Use the display packet-drop command to display the total number of incoming/outgoing packets dropped and the packets dropped on each interface.
Use the display qos queue-statistics interface outbound command to display outgoing packet statistics collected for an interface on a per-queue basis.
ECN
Introduction
ECN is required for building a lossless Ethernet network. ECN defines a traffic control and end-to-end congestion notification mechanism based on the IP layer and transport layer. ECN uses the DS field in the IP header to mark the congestion status along the packet transmission path. An ECN-capable terminal can determine whether congestion occurs on the transmission path according to the packet contents. Then, the terminal adjusts the packet sending speed to avoid deteriorating congestion.
Mechanism
ECN defines the last two bits (ECN field) in the DS field of the IP header as follows:
- Bit 6 indicates whether the sending terminal device supports ECN, and is called the ECN-Capable Transport (ECT) bit.
- Bit 7 indicates whether the packet has experienced congestion along the transmission path, and is called the Congestion Experienced (CE) bit.
|
NOTE: In actual applications, the following packets are considered as packets that an ECN-capable terminal sends:
|
Figure 9 DS field location
Figure 10 ECN field location
After you enable ECN on a device, congestion management processes packets as follows:
- When the average queue size is below the lower threshold, no packet is dropped, and the ECN fields of packets are not identified or marked.
- When the average queue size is between the lower threshold and the upper threshold, the device performs the following operations:
a. Picks out packets to be dropped according to the drop probability.
b. Examines the ECN fields of these packets and determines whether to drop these packets.

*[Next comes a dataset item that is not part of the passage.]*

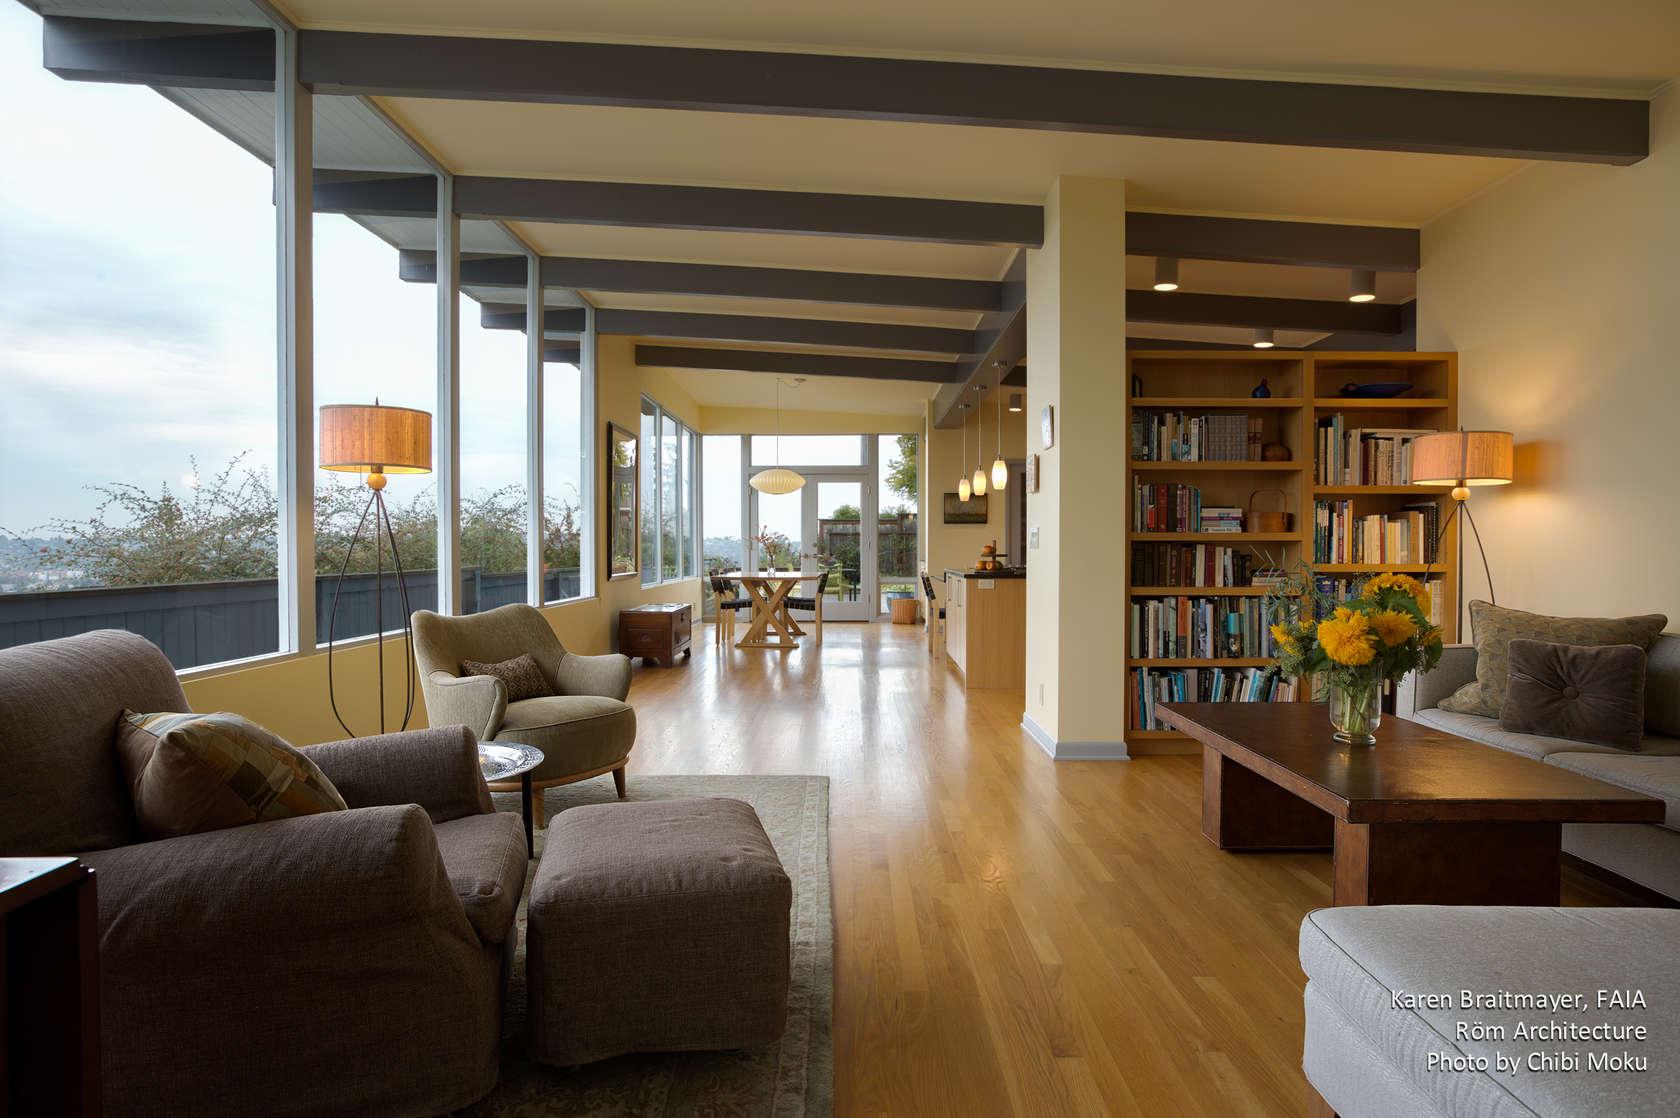 Rom Architecture Karen Braitmayer MidCentury Modern Seattle

- If the ECN field shows that the packet is sent out of an ECN-capable terminal, the device sets both the ECT bit and the CE bit to 1 and forwards the packet.
- If both the ECT bit and the CE bit are 1 in the packet, the device forwards the packet without modifying the ECN field. The combination of ECT bit 1 and CE bit 1 indicates that the packet has experienced congestion along the transmission path.
- If both the ECT bit and the CE bit is 0 in the packet, the device drops the packet.
- When the average queue size exceeds the upper threshold, the device sets the ECN field to 11 for all packets in the queue and drops the packets exceeding the upper threshold.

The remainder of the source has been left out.